In fact, there are memes on how fully functional ovens are hilariously under-used in the Asian diaspora. It’s an “Asian thing” to use the appliance not for frequent cooking, but to store pots and pans. In Minari (2020), seven-year-old David tells his grandmother, visiting the U.S. from Korea, that she’s “not like a grandma” because, among other things, she doesn’t “make cookies!”
It’s not to say that every American mother is some baker extraordinaire or that Asian moms never make desserts. But compared to many white moms, my mom did not bake much ... or really, at all. Sure, we would have Pillsbury Crescents and cinnamon rolls out of a can from time to time, but homemade treats like blueberry muffins or apple pie were items I’d only see referenced in books or on television. Our oven was reserved for warming up pizza rolls or baking Thanksgiving casserole once a year, not for cranking out a weekly, rotating assortment of baked goods.
There is, however, one thing I do remember my mom baking when I was growing up: a hefty, unadorned chocolate chip-sour cream bundt cake. No frosting, glaze or garnishes – just plain chocolate chip-studded yellow cake served by the slice. When it was my family’s turn to host our church’s small group at home, my mom would bake the bundt cake to accompany a spread of chips, fruit and beverages. The cake was objectively nothing fancy, for a mundane occasion, and I likely ate it back then without much thought or fanfare. Even though it’s been years since I last had a bite of her bundt cake, it lives on as perfect in my mind: rich and moist, with a tender but substantial crumb and just the right amount of chocolate chips embedded in each slice.

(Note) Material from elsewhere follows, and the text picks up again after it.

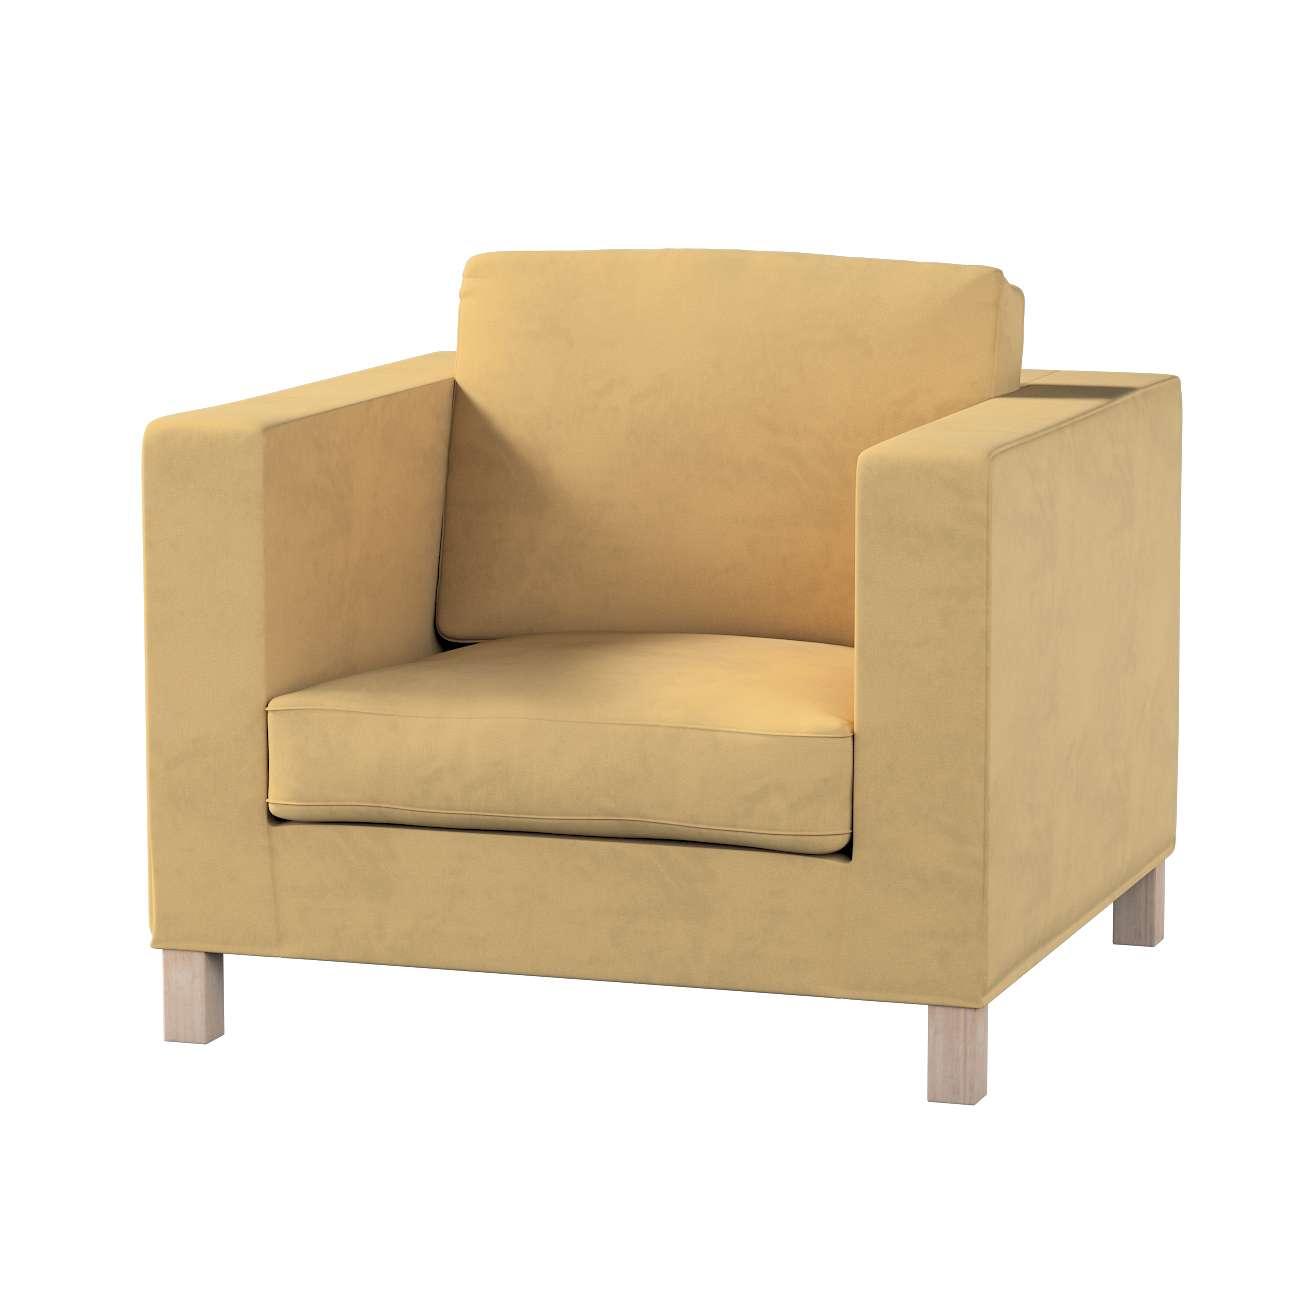 Karlanda päällinen nojatuoli, lyhyt mallistosta Living 2, Kangas: 160-93

As it turns out, the cake wasn’t even technically homemade. Using a “recipe” she found somewhere and jotted down on a notepad, my mom worked magic by adding a few extra ingredients to boxed cake mix: sour cream, instant vanilla pudding mix, oil and chocolate chips. The cake didn’t boast hours of meticulous work, but was fast, crafty, resourceful – and somehow just right. It was so much more than the sum of its parts, transforming standard yellow box cake (specifically the one noted “Butter Recipe Yellow”) into a scrumptious, memorable treat.
As someone whose day-to-day as a pastry chef revolves around granular details and precise measurements, reflecting on this simple, straightforward cake feels like a breath of fresh air, a welcome break from the endless pursuit of creativity that’s sometimes invigorating, other times exhausting. Years later, my mom’s semi-homemade bundt cake reminds me that at the end of the day, good cake needs only to be a joy to eat — whether it comes from a box or a decades-old family recipe.

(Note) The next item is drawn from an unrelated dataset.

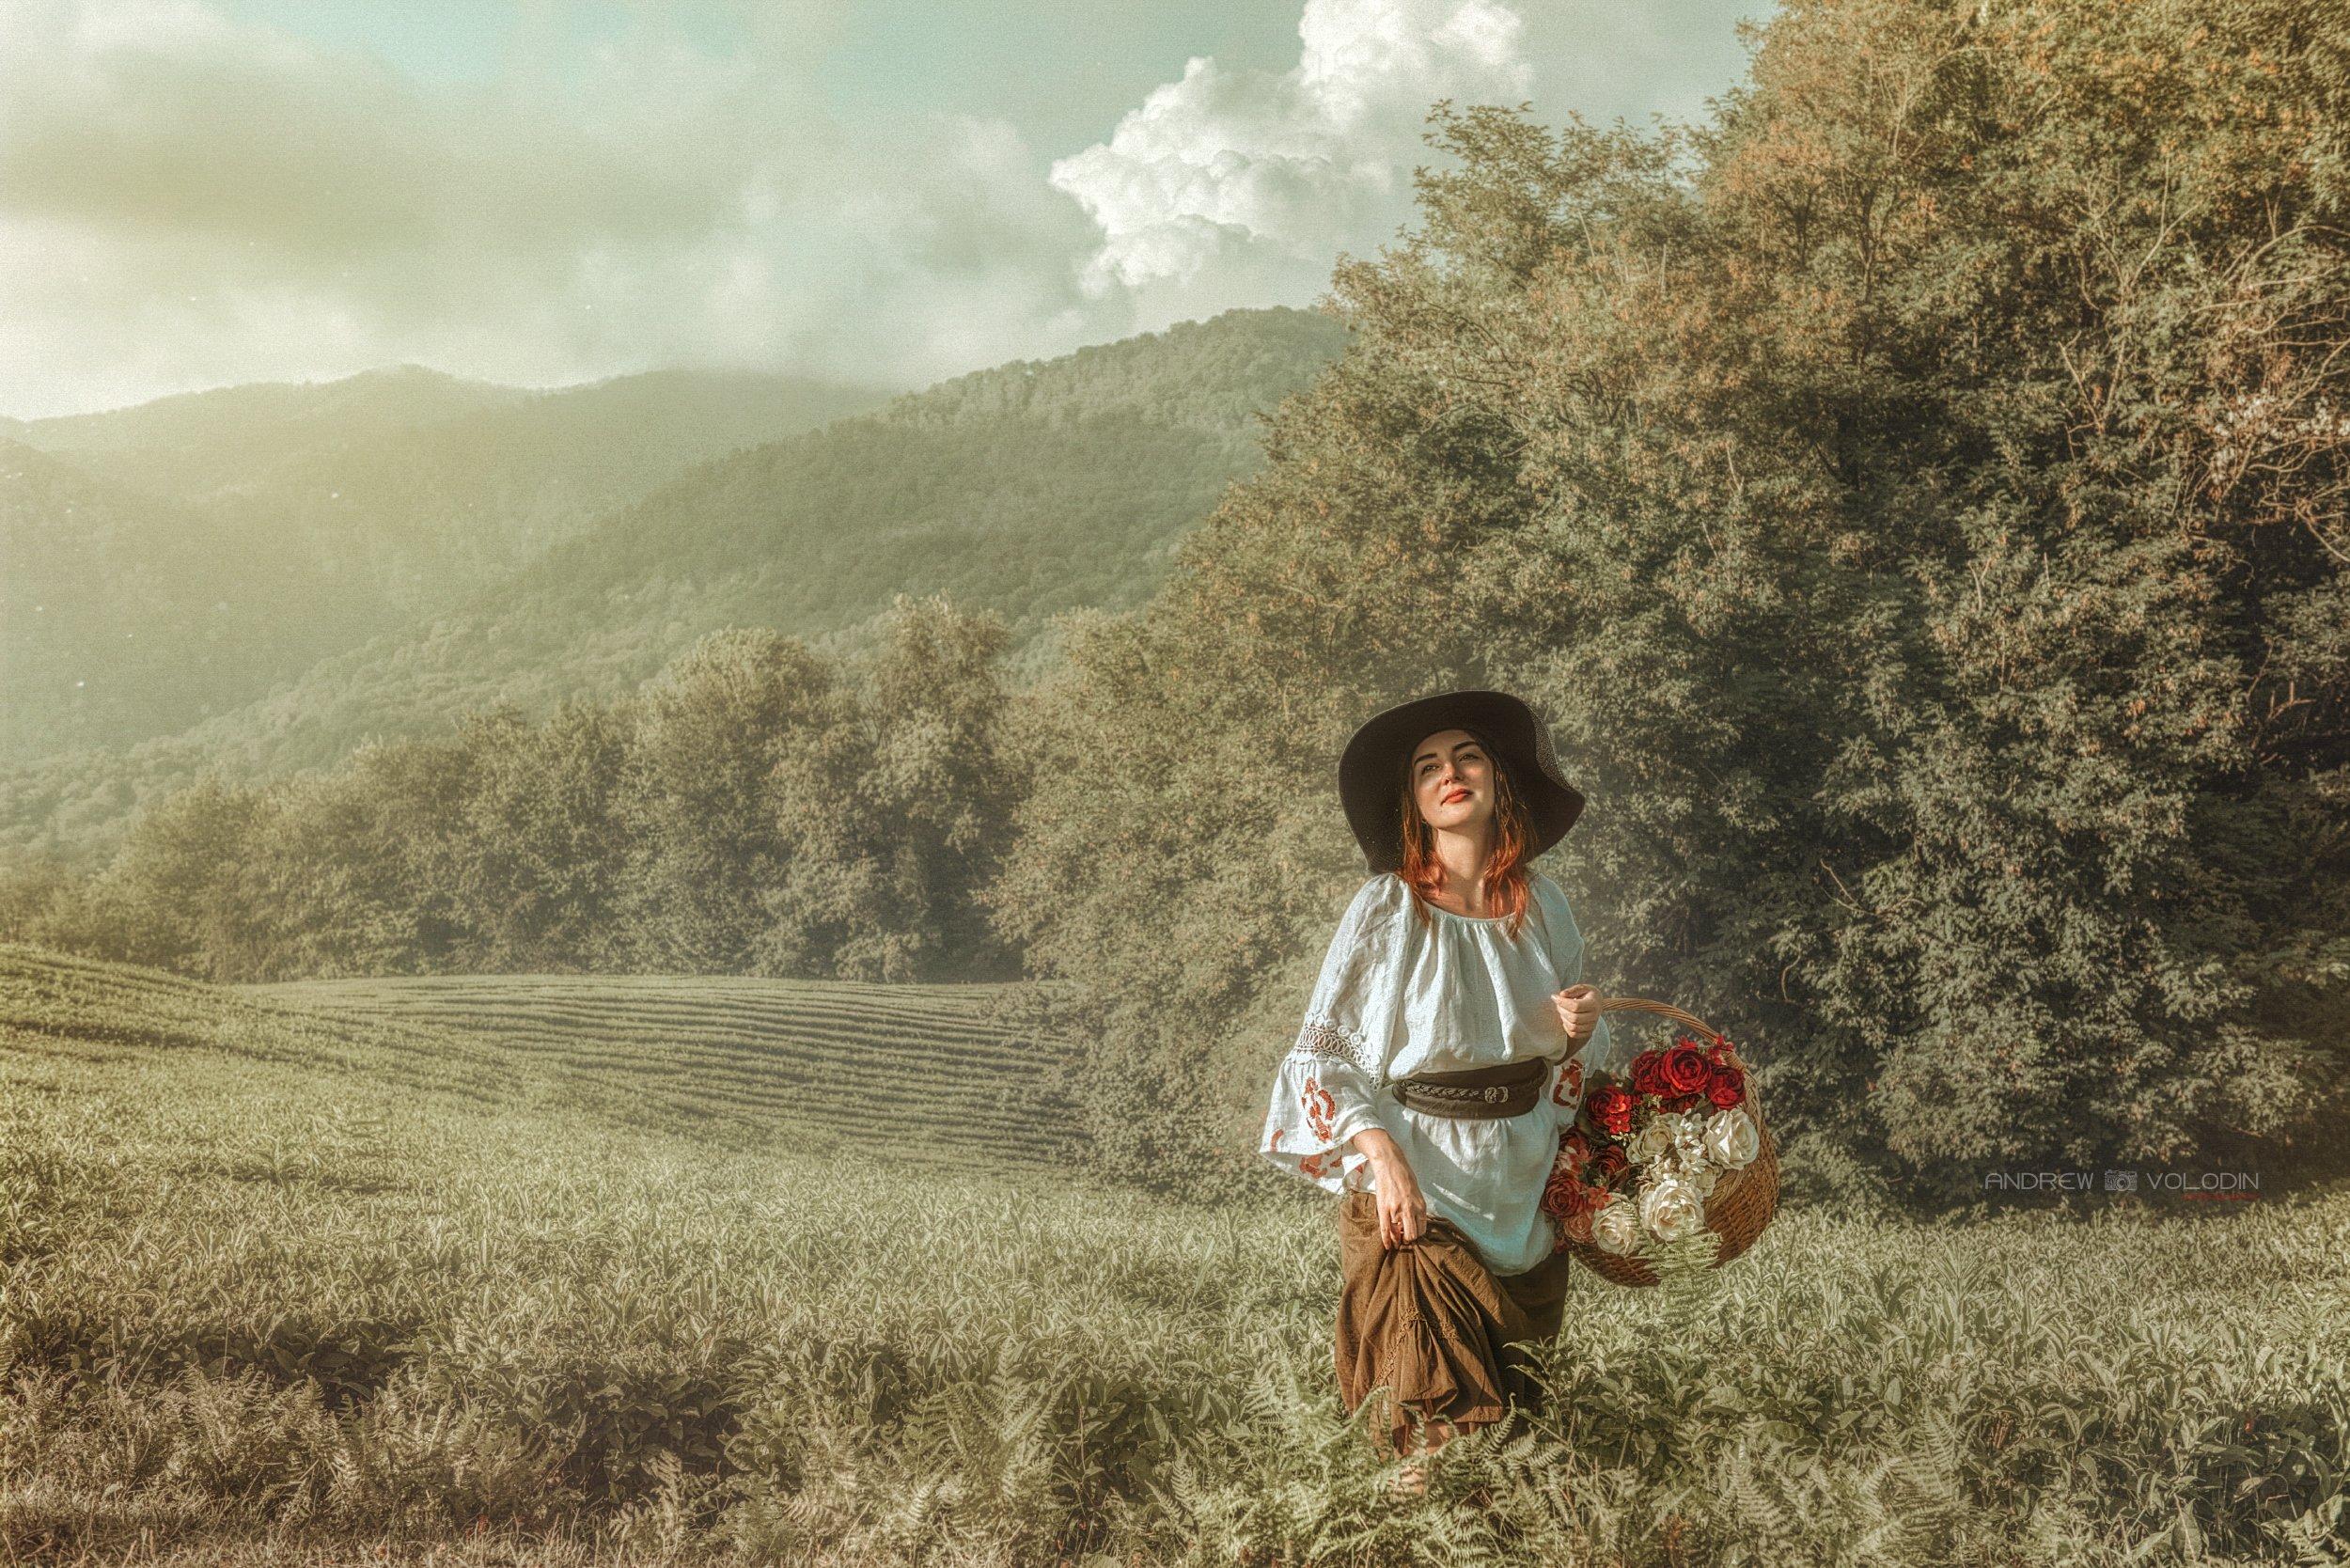 девушка поле чайные плантации платье цветы корзина природа русь, Андрей Володин

In this loose interpretation of my mom’s cake, similar to my Gem Cakes, I incorporate a combination of sweet rice flour (which adds a subtle “springiness” to the cake’s texture), all-purpose flour and a healthy amount of sour cream to produce a rich, plush cake. Instead of a large bundt pan (which I actually don’t own), I opted for a versatile 8-inch square pan, which produces a scaled down, snackable cake that doesn’t skimp on taste or decadence. And though I experimented with chopped dark and milk chocolate and mini morsels, I found that nothing can quite replace classic semi-sweet chocolate chips — especially when they’re still delightfully melty as you dig into that first square of cake.
Since I finished high school, my mom has started baking more, turning out mouth-watering treats like walnut-banana bread; boxed brownies spiked with instant coffee and peanut butter chips; and a moist, seasonal apple cake. Though one might call this unfortunate timing (homemade banana bread would’ve been an ideal after-school snack, if you ask me), there’s a certain beauty in the fact that as I’ve discovered and grown into my culinary self as an adult, my mom also found renewed interest in exploring and creating food, both sweet and savory, for the fun of it. Perhaps this snack cake recipe will be next on her to-bake list, bringing all of this full-circle (insert bundt imagery here) in the most poetic way — the past and present meeting, mixing and meshing into something beautiful and delicious at the intersection of sour cream-packed, chocolate chip-filled cake.